Starting with the opening line of the entries below, transcribe each line exactly up to and including the one that has "One must never"; pictures are not copied.
---------- DATA RECORDS
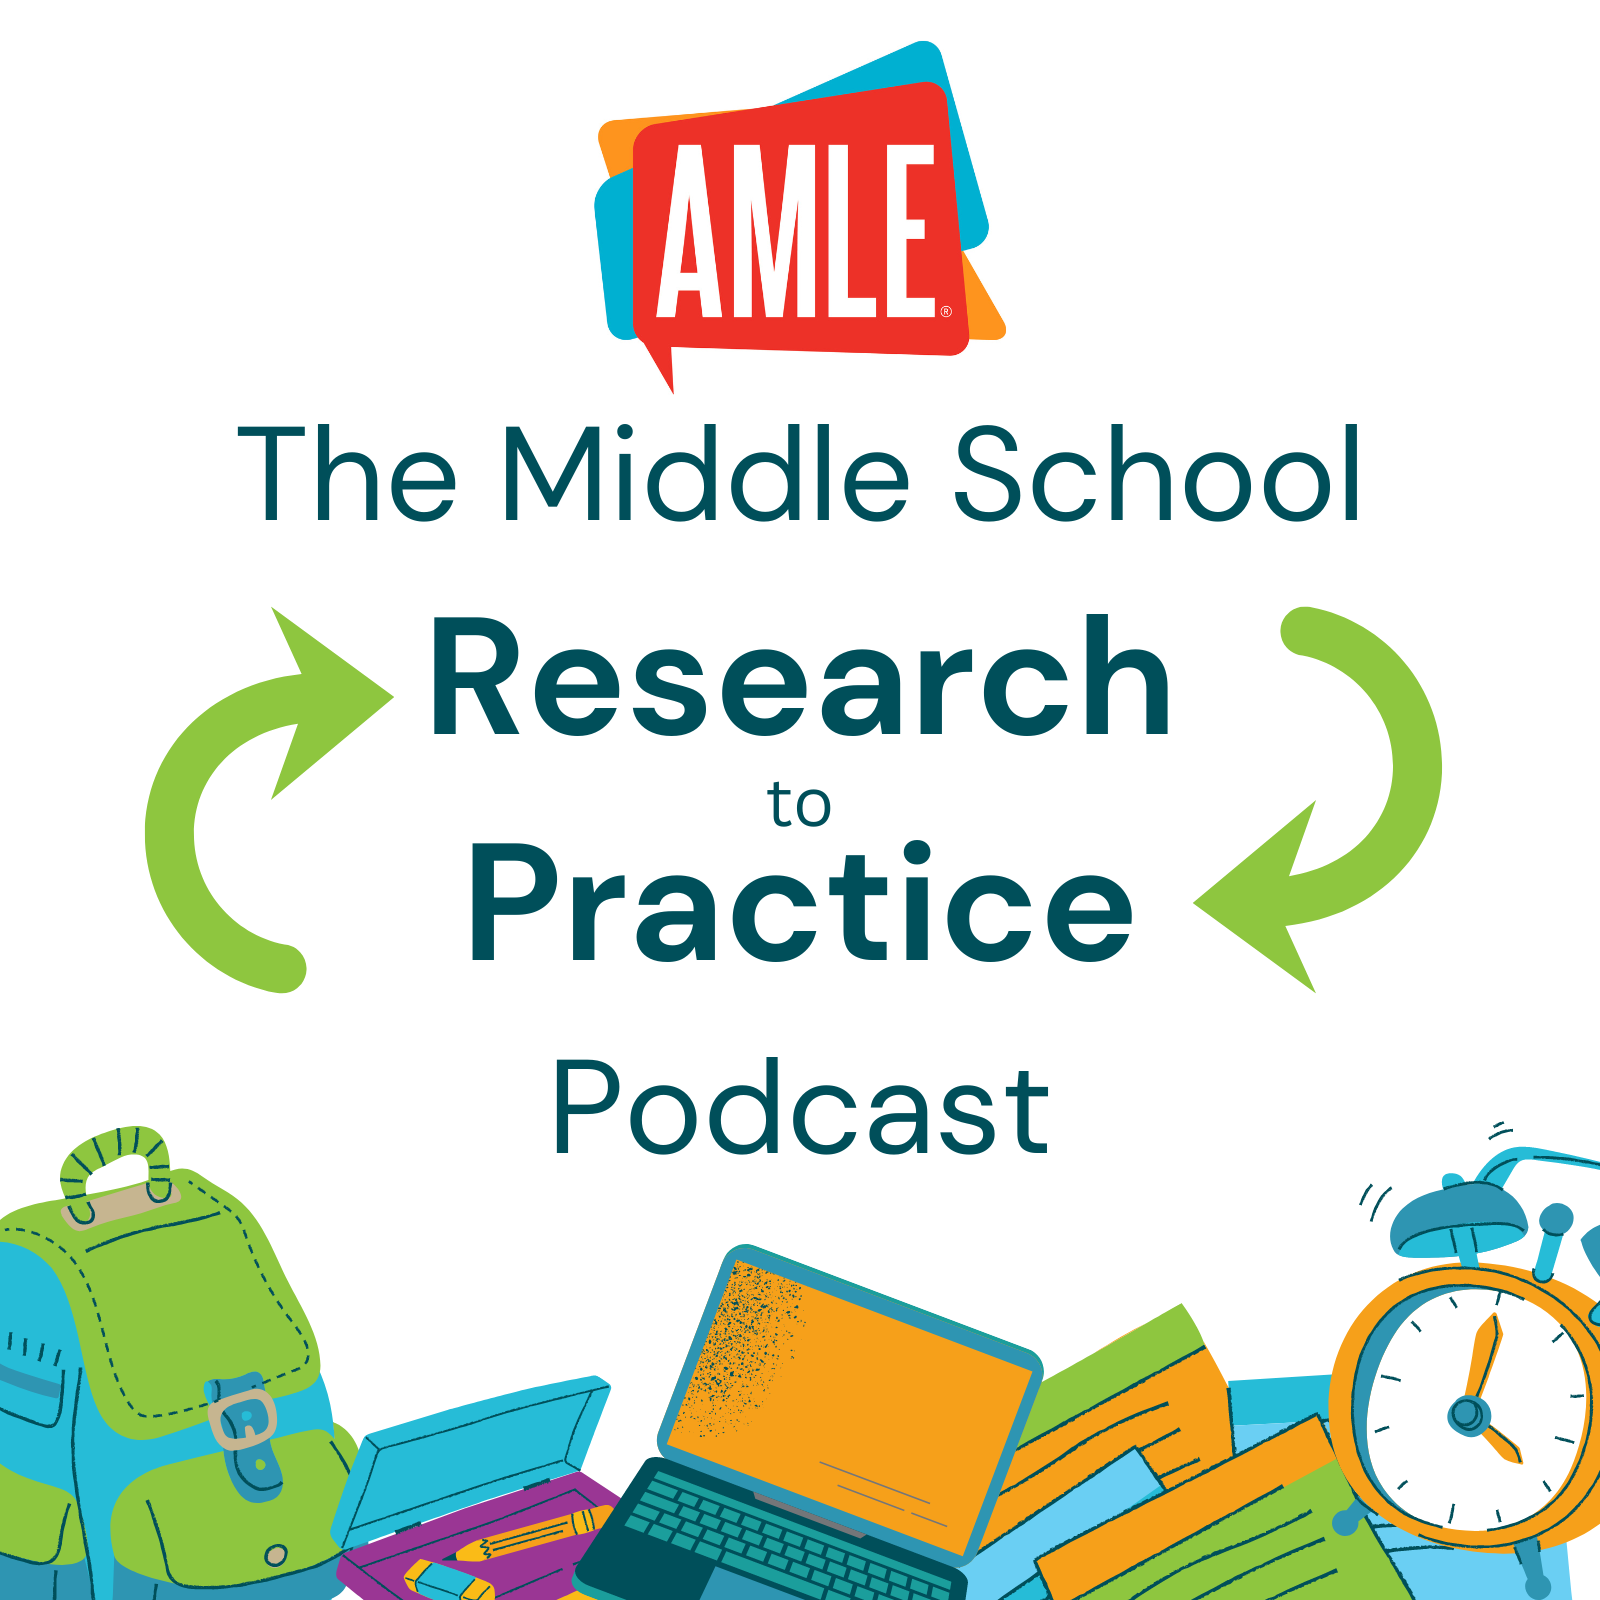 AMLE Research to Practice Podcast Logo
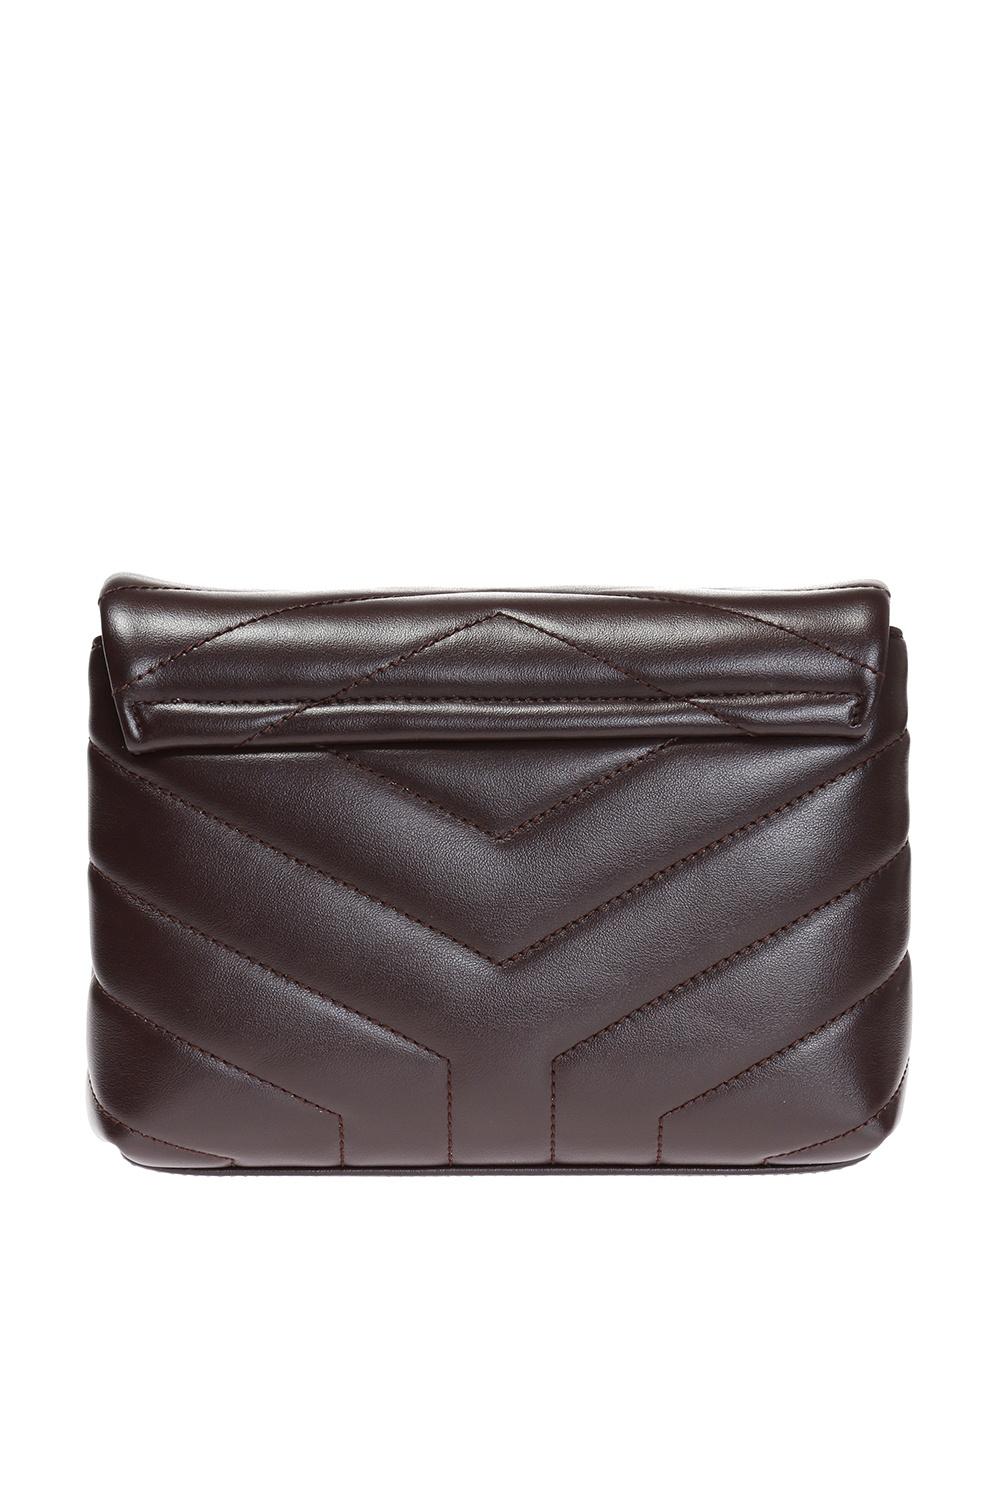 Saint Laurent Dark Brown / Plum Leather Loulou Toy Strap Shoulder Bag

This Saint Laurent monogram bag features Y-quilted overstitching, a removable and adjustable leather shoulder strap, magnetic snap fastening, and a front flap decorated with
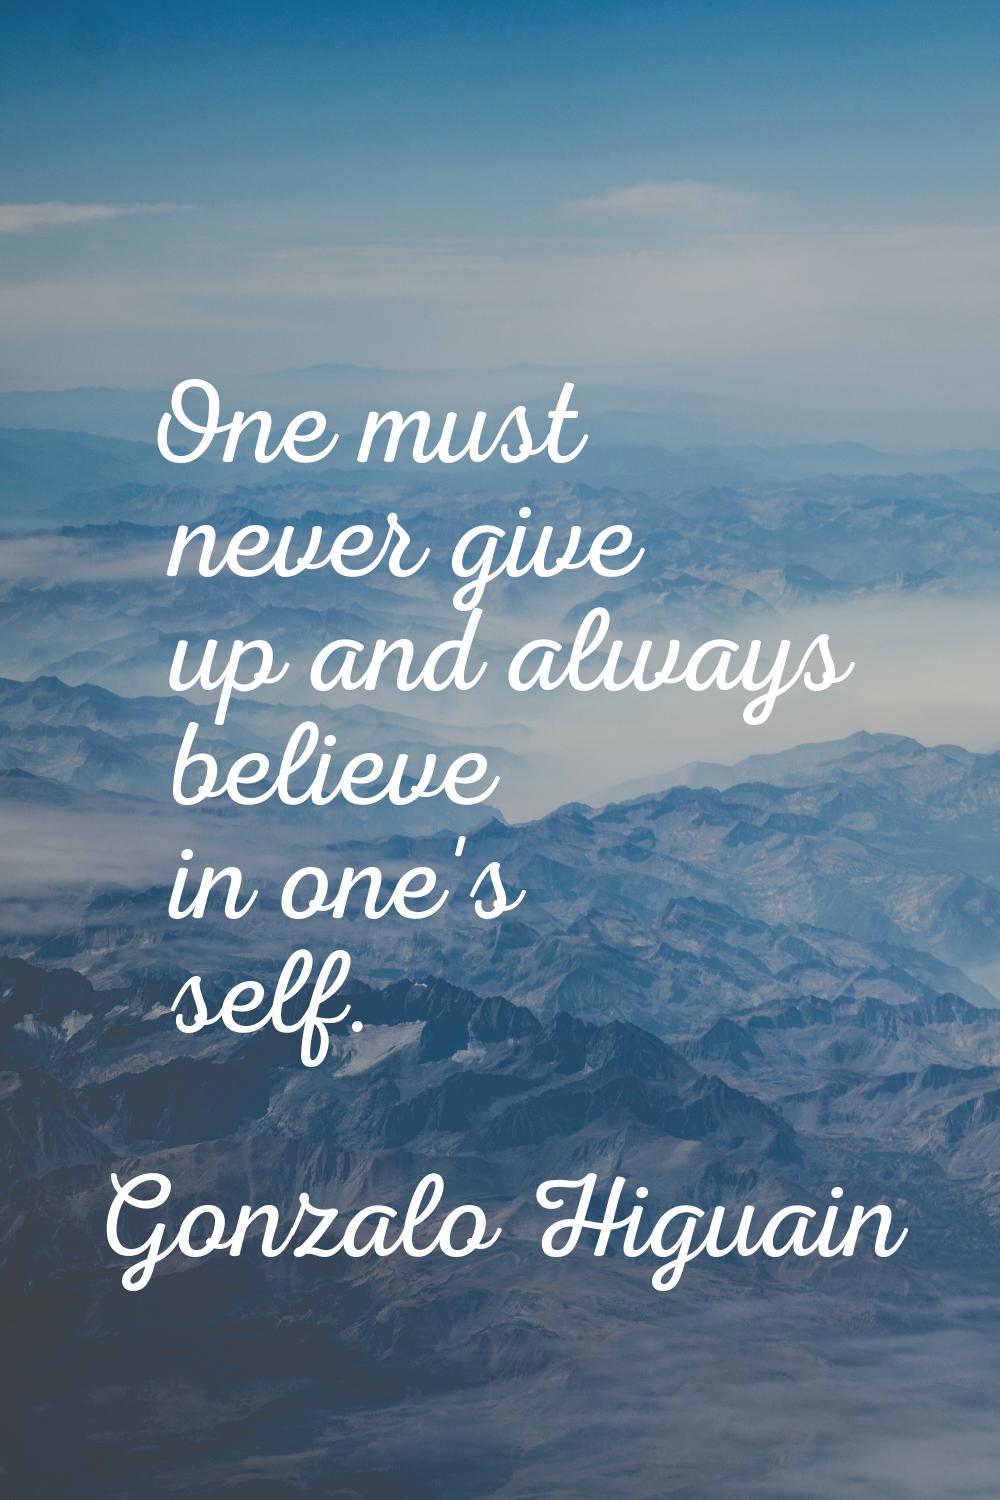 One must never give up and always believe in one's self.
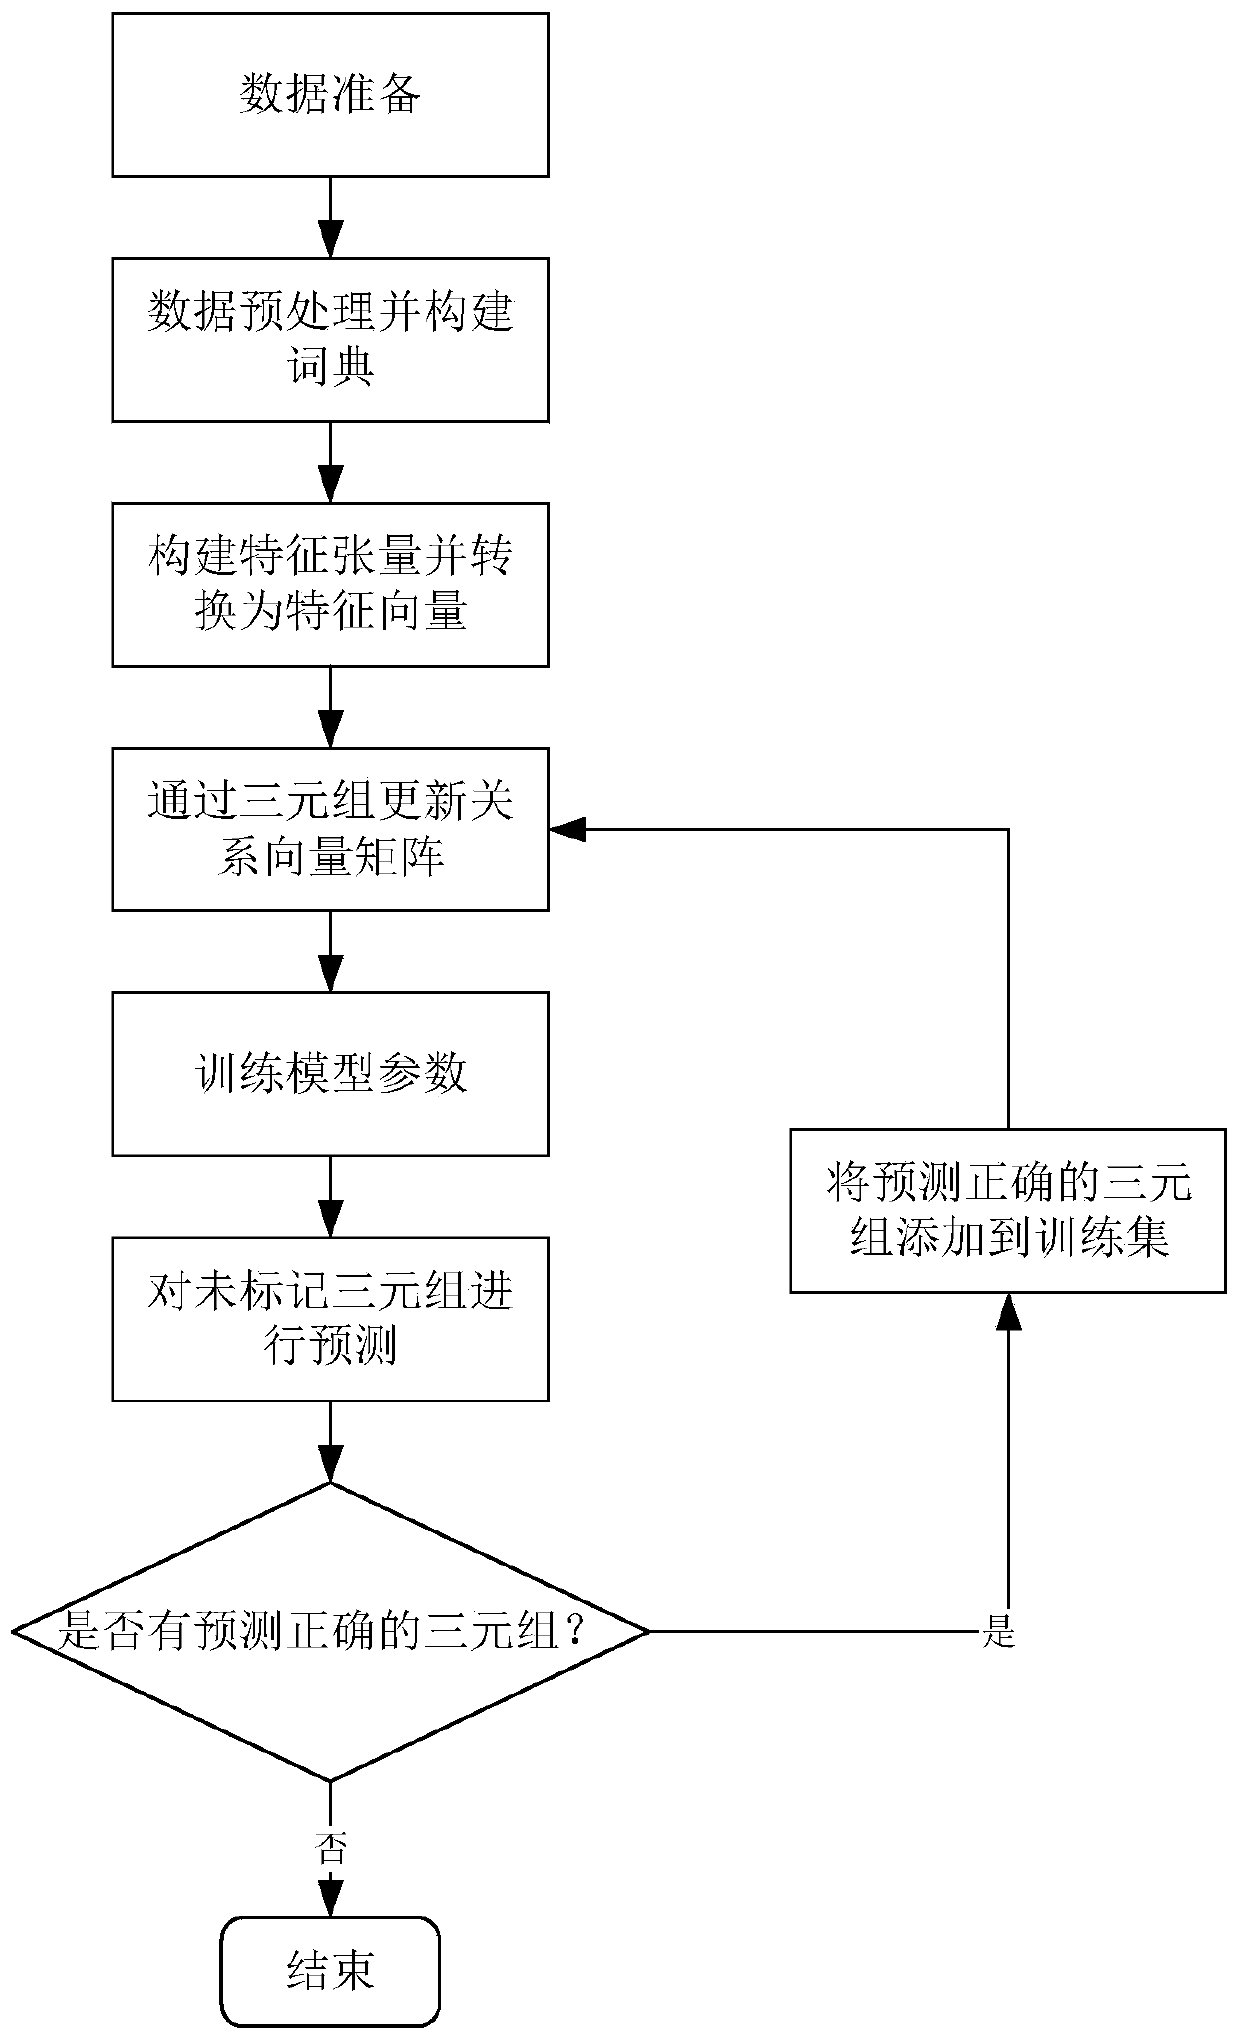 Feature tensor-based Chinese knowledge graph representation learning method
--------------------
#### WRITTEN SOLUTION:
 AMLE Research to Practice Podcast Logo
 Saint Laurent Dark Brown / Plum Leather Loulou Toy Strap Shoulder Bag

This Saint Laurent monogram bag features Y-quilted overstitching, a removable and adjustable leather shoulder strap, magnetic snap fastening, and a front flap decorated with
 One must never give up and always believe in one's self.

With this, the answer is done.